What you are asked to do: Using the listing below, print exactly everything from the line with "SVG of Dog Quotes" down to the line with "Email marketing for hotels after Covid-19", both included, and nothing more.

Given data:
══════
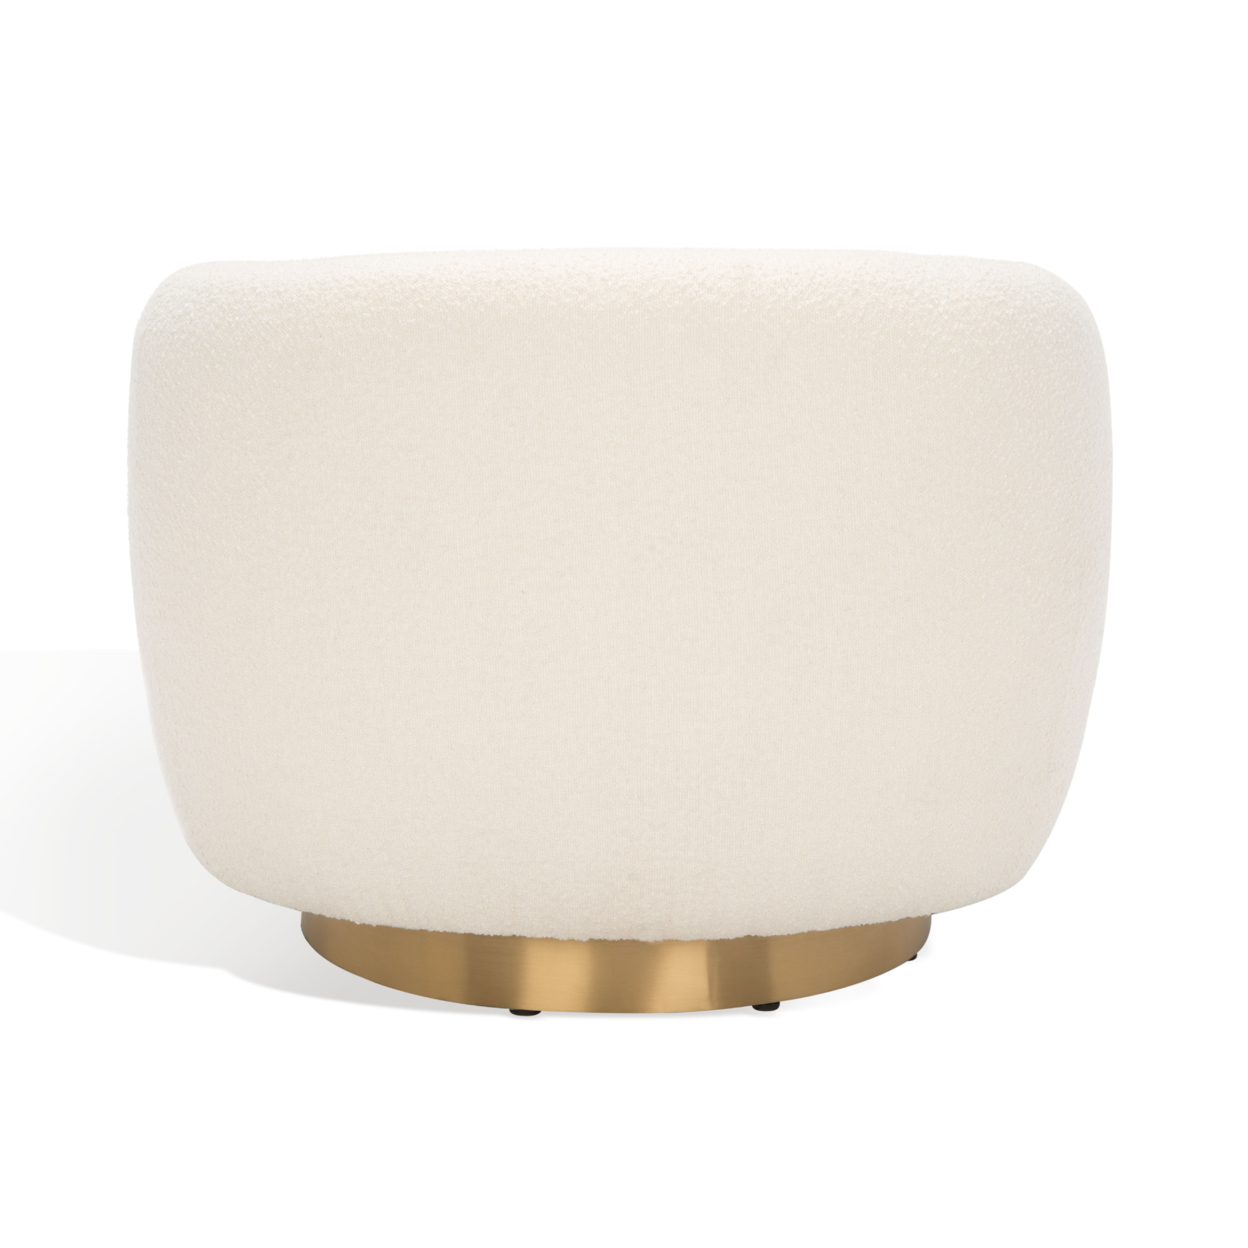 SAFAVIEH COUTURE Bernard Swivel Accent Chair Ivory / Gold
══════
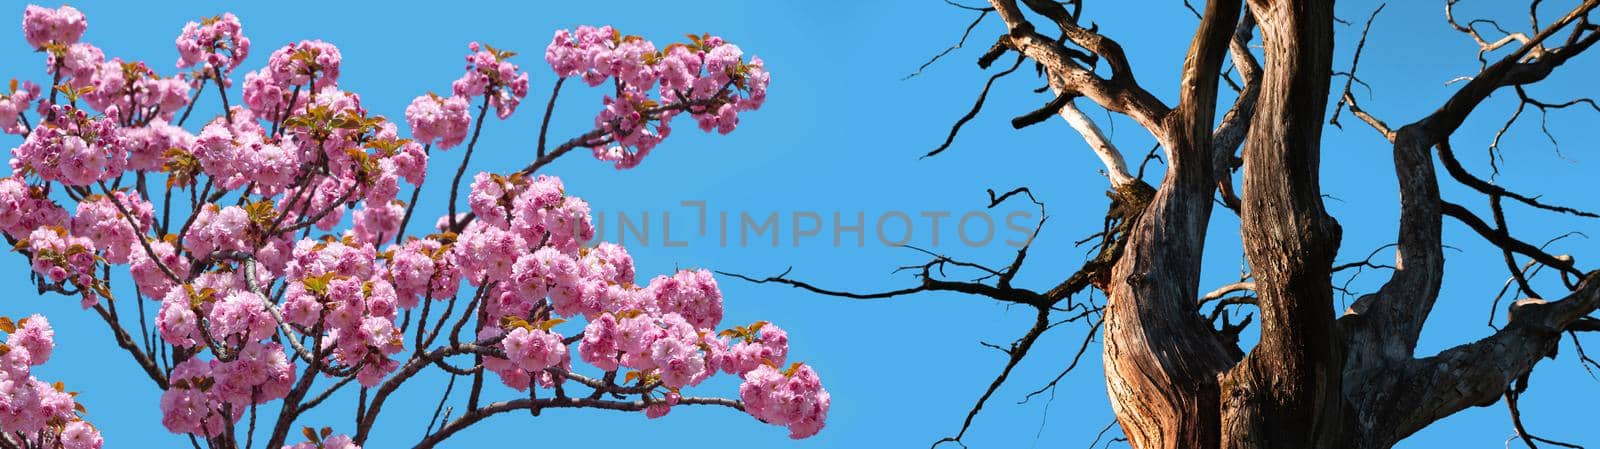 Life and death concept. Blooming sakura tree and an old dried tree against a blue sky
══════
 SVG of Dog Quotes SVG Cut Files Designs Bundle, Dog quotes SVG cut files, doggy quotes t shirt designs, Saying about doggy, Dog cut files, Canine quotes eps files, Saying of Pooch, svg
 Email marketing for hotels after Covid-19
══════
Expected answer:
 SVG of Dog Quotes SVG Cut Files Designs Bundle, Dog quotes SVG cut files, doggy quotes t shirt designs, Saying about doggy, Dog cut files, Canine quotes eps files, Saying of Pooch, svg
 Email marketing for hotels after Covid-19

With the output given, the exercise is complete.